Data provided >>
BEGIN
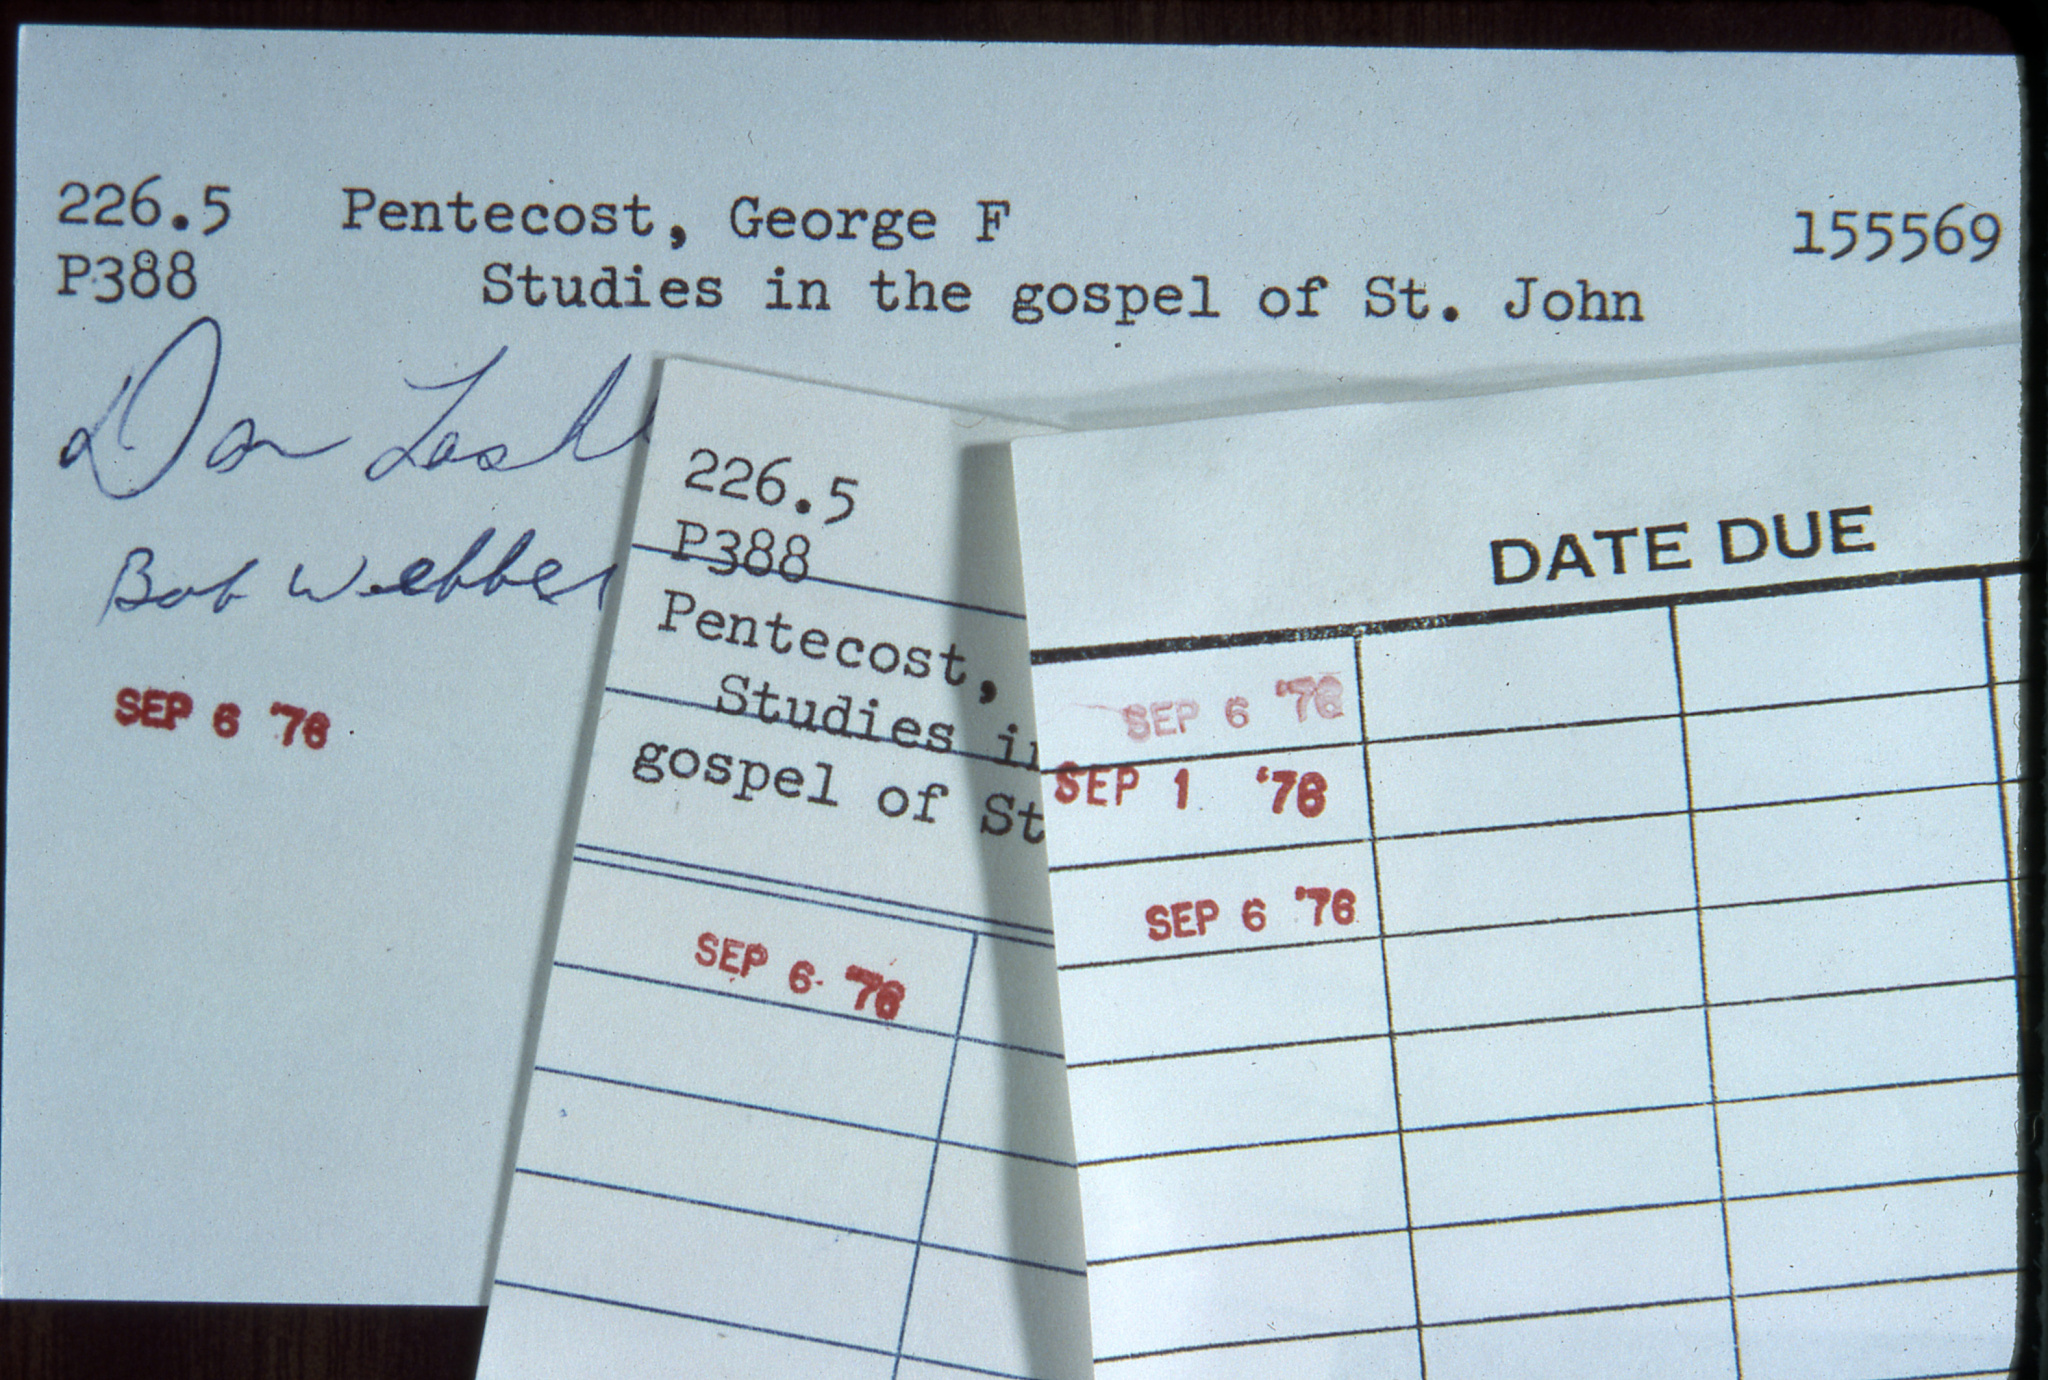 Photo of author, date due and date slip cards, 1976
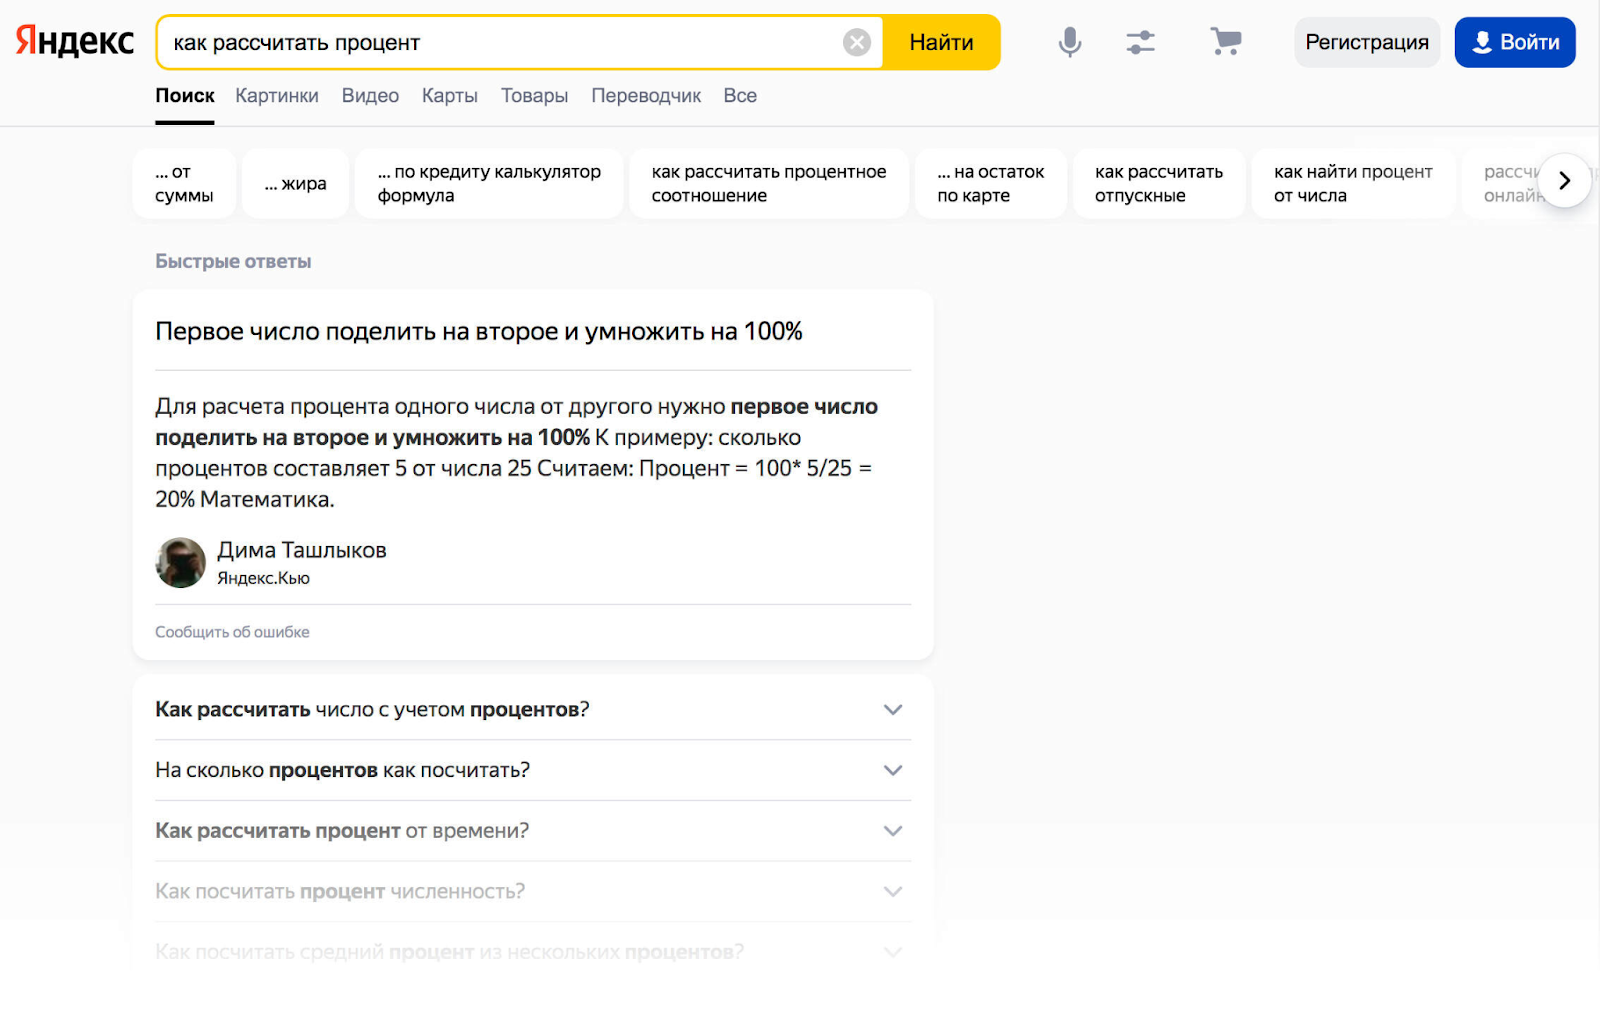 Yandex’s search results for "how to calculate percentage" in cyrillic
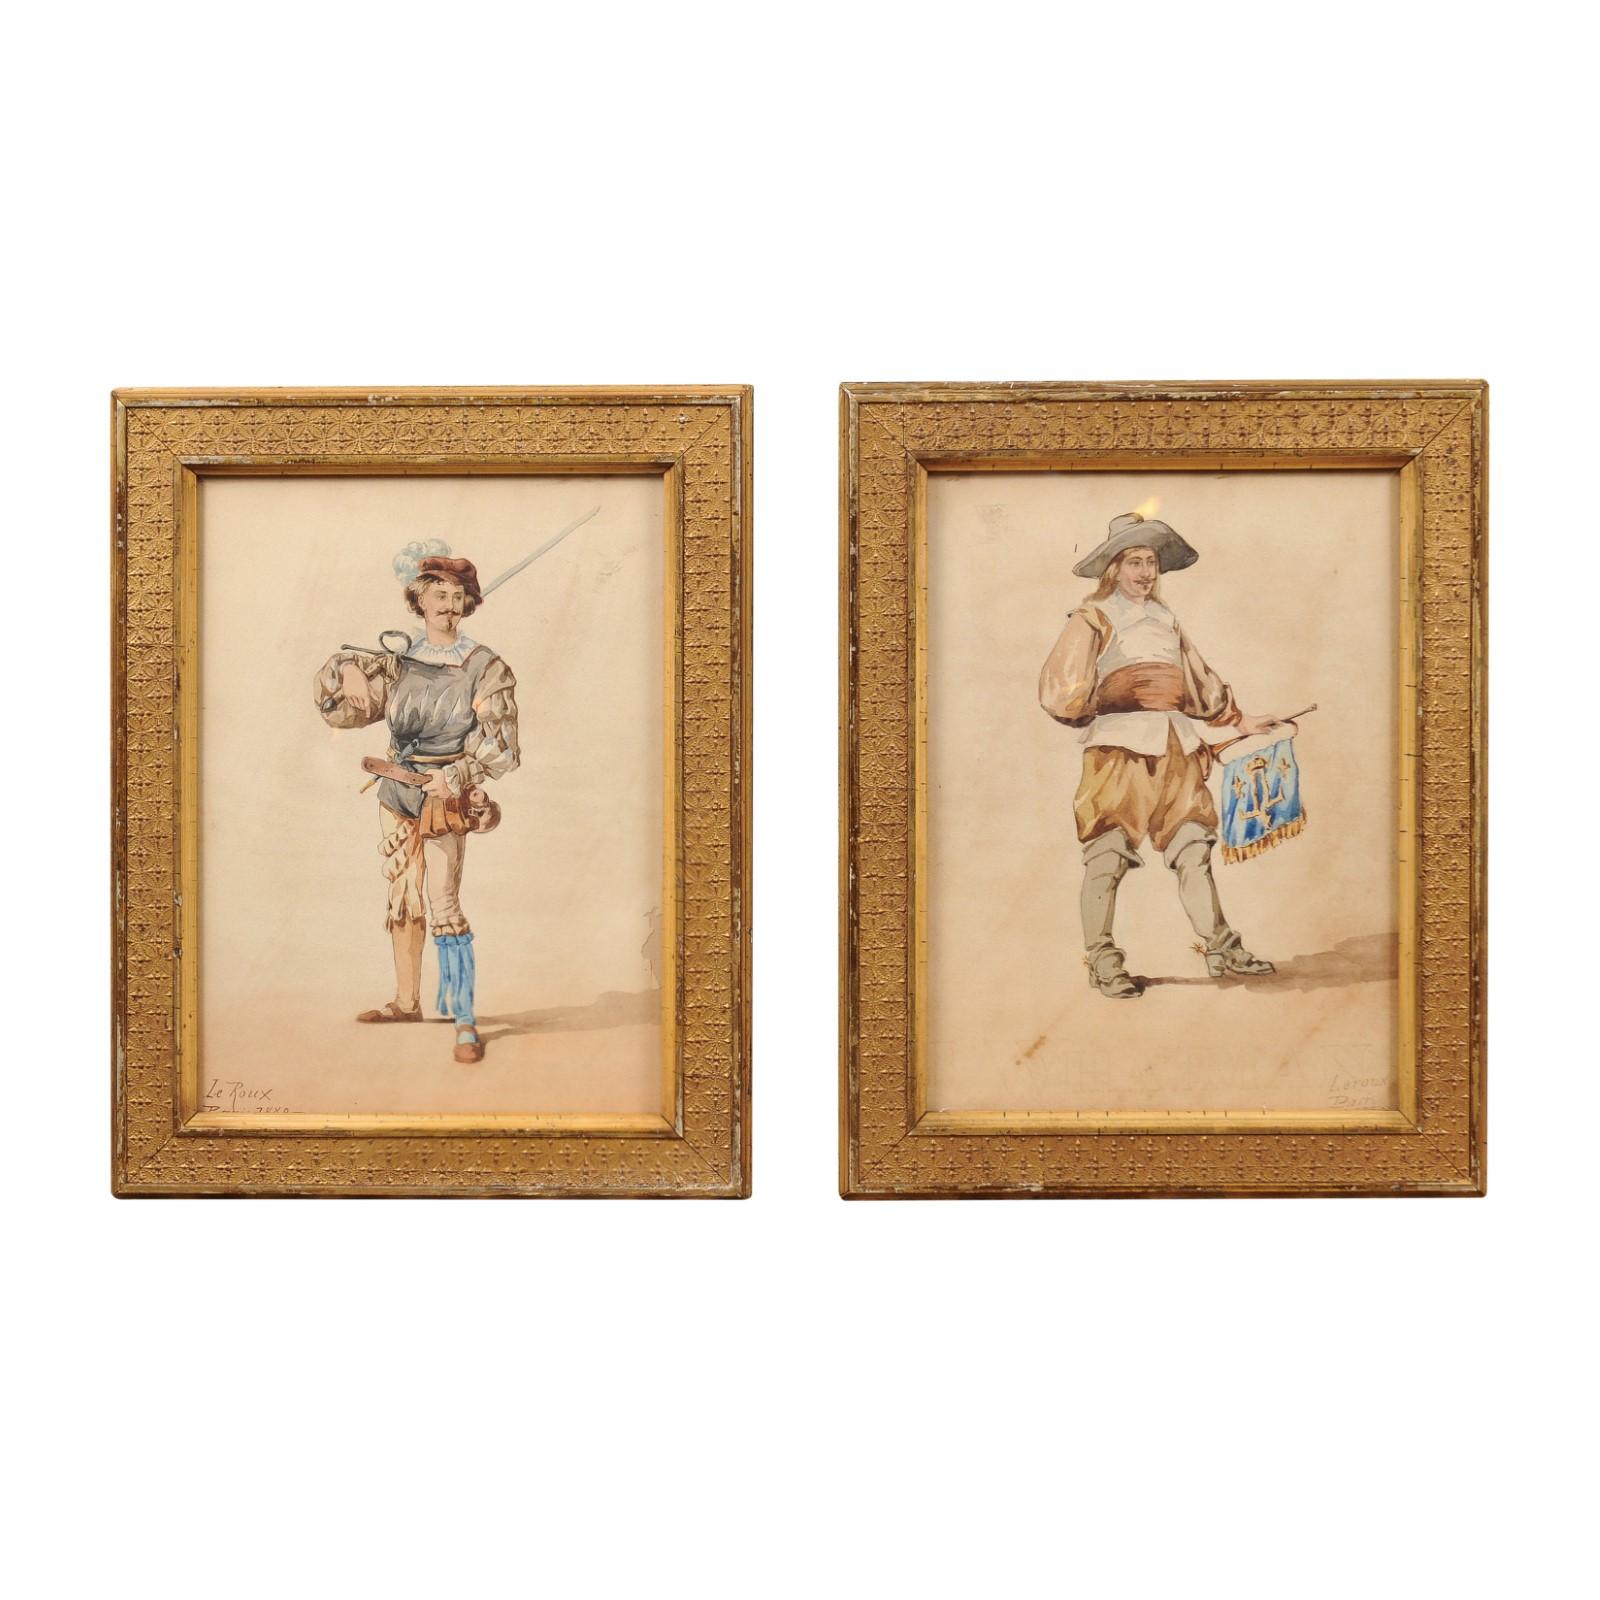 Pair of 19th Century French Giltwood Framed Watercolor Paintings on Men
END
Aim of the task >>
Your response must consist of the material above, reproduced word for word, with the images omitted.

Response area >>
 Photo of author, date due and date slip cards, 1976
 Yandex’s search results for "how to calculate percentage" in cyrillic
 Pair of 19th Century French Giltwood Framed Watercolor Paintings on Men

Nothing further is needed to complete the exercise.